Неожиданный подарок ко Дню Победы получили российские историки. Комиссия по охране государственной тайны рассекретила материалы из личного дела маршала Жукова — человека, которому мы обязаны победой в Великой Отечественной войне.

Исследователи называют это решение чудом, а открывшиеся документы — сенсацией. То, что ученые обнаружили в папке, — впечатляет. Это документы послевоенного периода. В них — обвинения маршала в попытке государственного переворота — якобы хотел распустить Компартию и арестовать своих соратников, а также сведения о якобы проживающем в Германии внебрачном сыне. То есть по сути — доносы и кляузы на Георгия Константиновича.

Документы открывают удивительное: человек-легенда, пользующийся большим авторитетом и влиянием, жил в тяжелейших условиях давления со стороны партийной номенклатуры. Подробнее об этих документах программа НТВ «Акценты недели» поговорила с тем, кто одним из первых изучил дело Жукова — с историком Леонидом Максименковым.

Ведущий: «Леонид Валентинович, расскажите, как к вам попало дело маршала Победы?»

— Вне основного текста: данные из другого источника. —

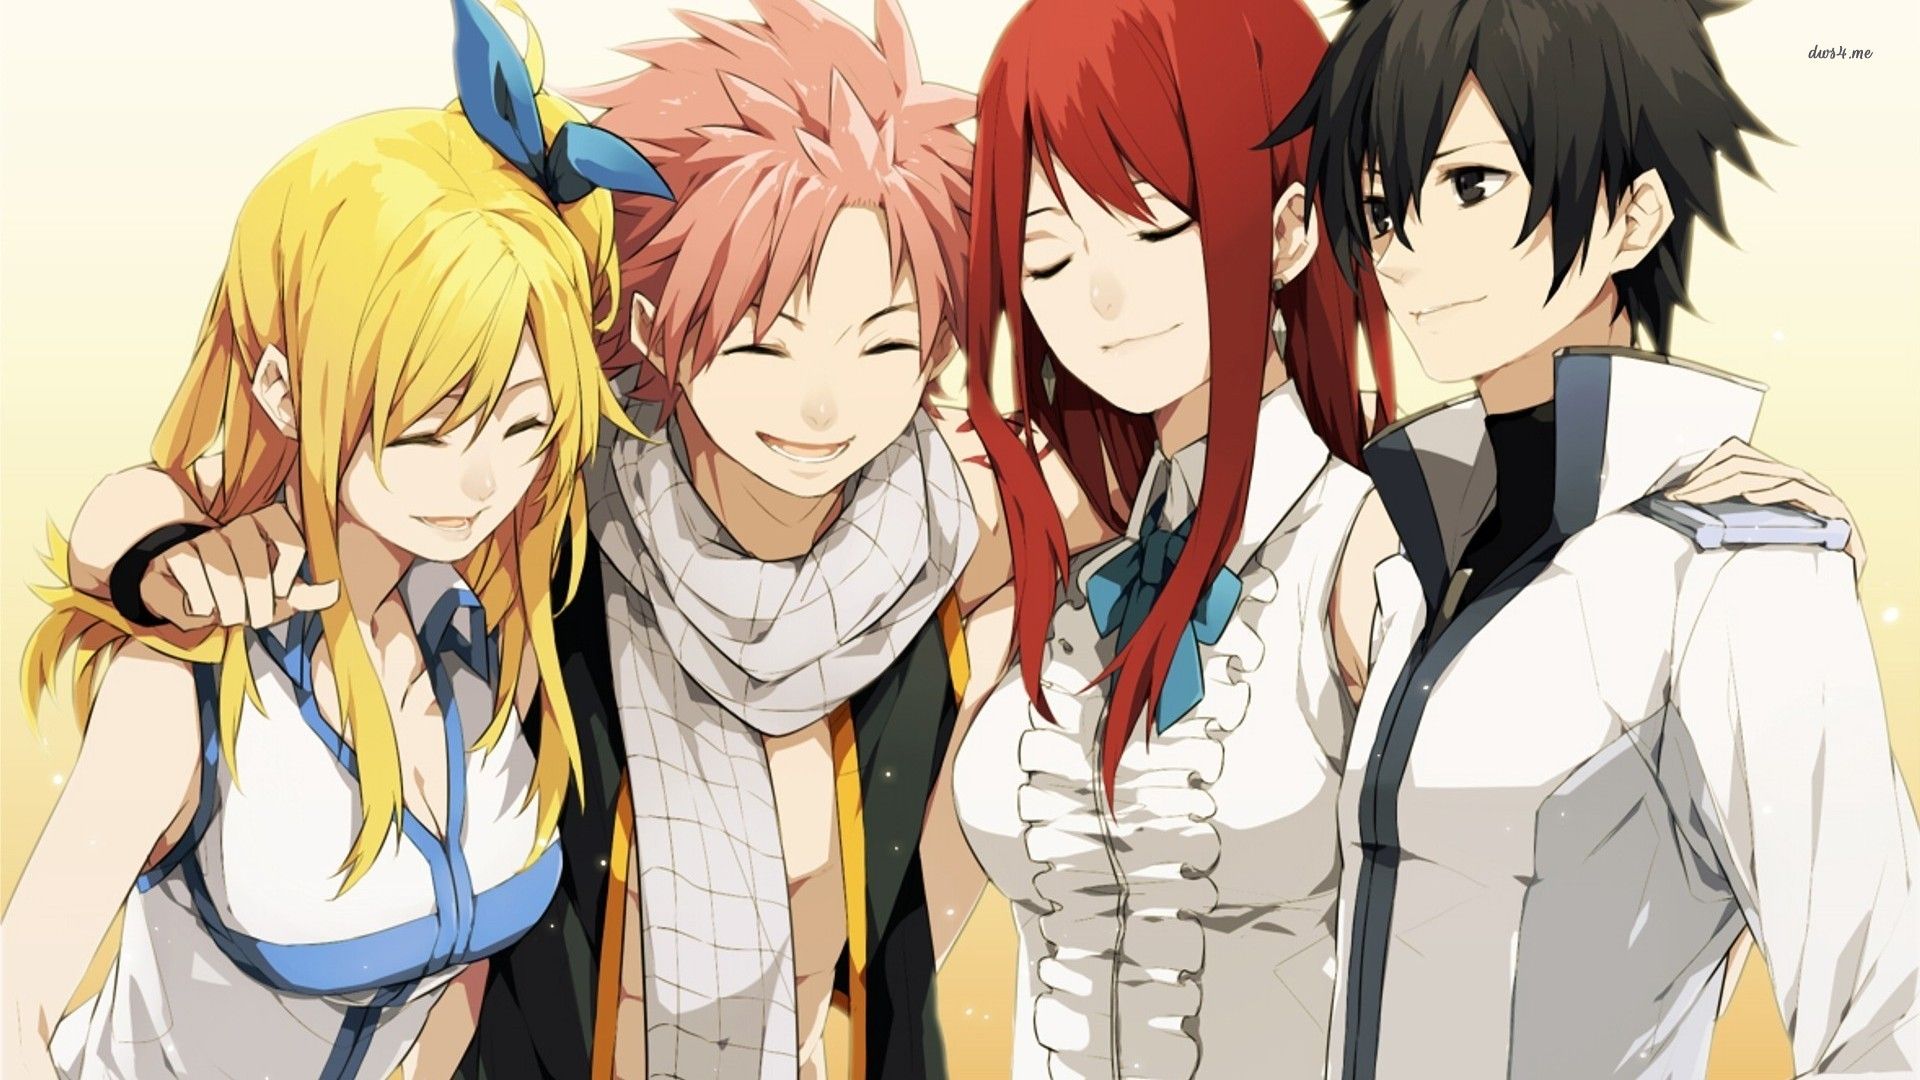 Fairy Tail wallpaper - Anime wallpapers - #15493

Леонид Максименков: «По заданию редакции журнала „Огонёк“ я готовил серию публикаций к столетию революции 1917 года. Восстановить какие-то факты из биографии известных деятелей: Дзержинского, Фрунзе, Крупской, Чичерина. К сожалению, в архиве, куда это было передано по распоряжению президента Медведева еще пять лет назад, именно вот эти документы получить не удалось. По различным причинам. И тогда я натолкнулся в общем перечне вот этих личных дел наличное дело маршала Победы. Это больше десяти папок, разбросанных по разным тематическим разделам. И в обычном порядке, через требование, я заказал эти дела и получил их в читальном зале. Оказалось, в них очень много интересного.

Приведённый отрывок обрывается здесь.